Beans, tomatoes, lettuce, peppers, broccoli, wheat.

Well into its first summer of cultivation, the Smith College Community Garden, an initiative begun by students last year, is producing a healthy list of edibles using sustainable methods.

Selected greens from the Smith College Community Garden:

The community garden, a series of plots organized near the Center for Early Childhood Education (CECE) on Lyman Road, is a collective effort. Periodic work parties have gathered an assortment of students, faculty and staff members for weeding, watering and other gardening.

Eventually, Smith Community Garden organizers hope to produce an ongoing supply of vegetables and spices for distribution to campus dining rooms and for other purposes, said Caroline Henderson ’11, a garden committee member. Already, the Campus Center Café has used the garden’s lettuce, basil, peppers and other veggies, she said.

But the Smith Community Garden is intended to be more than just a vegetable plot, Henderson said. Started by Erin Kassis ’11, Katelyn Lucy ’09, Lesley Joplin ’09 and Mollie Grabriel ’09, the garden develops community and works as an educational source while employing sustainable techniques and, ultimately, producing nutritious food for the Smith community and beyond.

“We wanted to invoke the same message of self-sufficiency, sustainability, and patriotism that is associated with victory gardens,” said Henderson, who joined the other students on the garden committee last fall, referring to gardens planted during world wars I and II to boost morale and contribute to the food supply. “We believe the tradition of the victory garden needs reviving as we face global climate change and other pressing environmental and social issues.”

The students hope to expand the community aspect of the garden in the fall, teaching gardening to young students at the CECE, for example, and growing wheat as part of the local Hungry Ghost Bakery’s “Little Red Hen” community wheat-growing project, Henderson said. Garden organizers also plan to partner with Dano Weisbord, Smith’s new environmental sustainability director, as well as dining services, several academic departments, and student groups such as Engineers for a Sustainable World in further community-based initiatives.

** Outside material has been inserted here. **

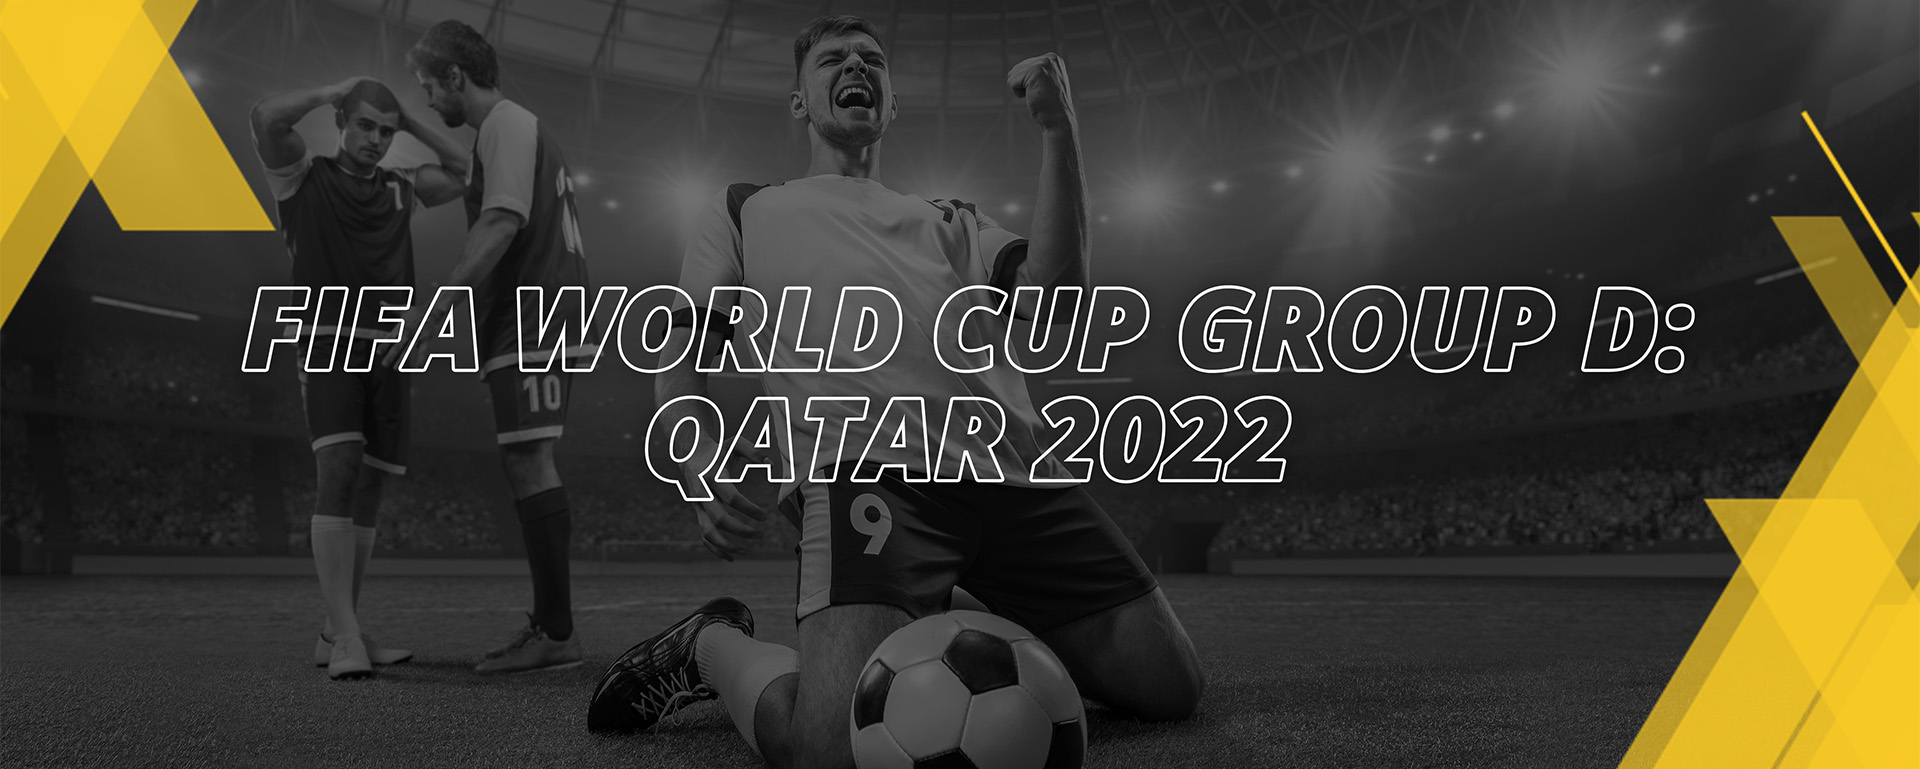 FIFA WORLD CUP GROUP D – QATAR 2022

“The goal is for this garden to be as integrated as possible into the Smith community and academic life,” she said.

So far, the Smith Community Garden is a fast-growing success, reports Henderson. “The garden is certainly growing at a rapid pace,” she said, with about 130 members on the garden committee’s contact list, and a regularly updated online Web log. “I see potential for it to grow and really become a community asset.”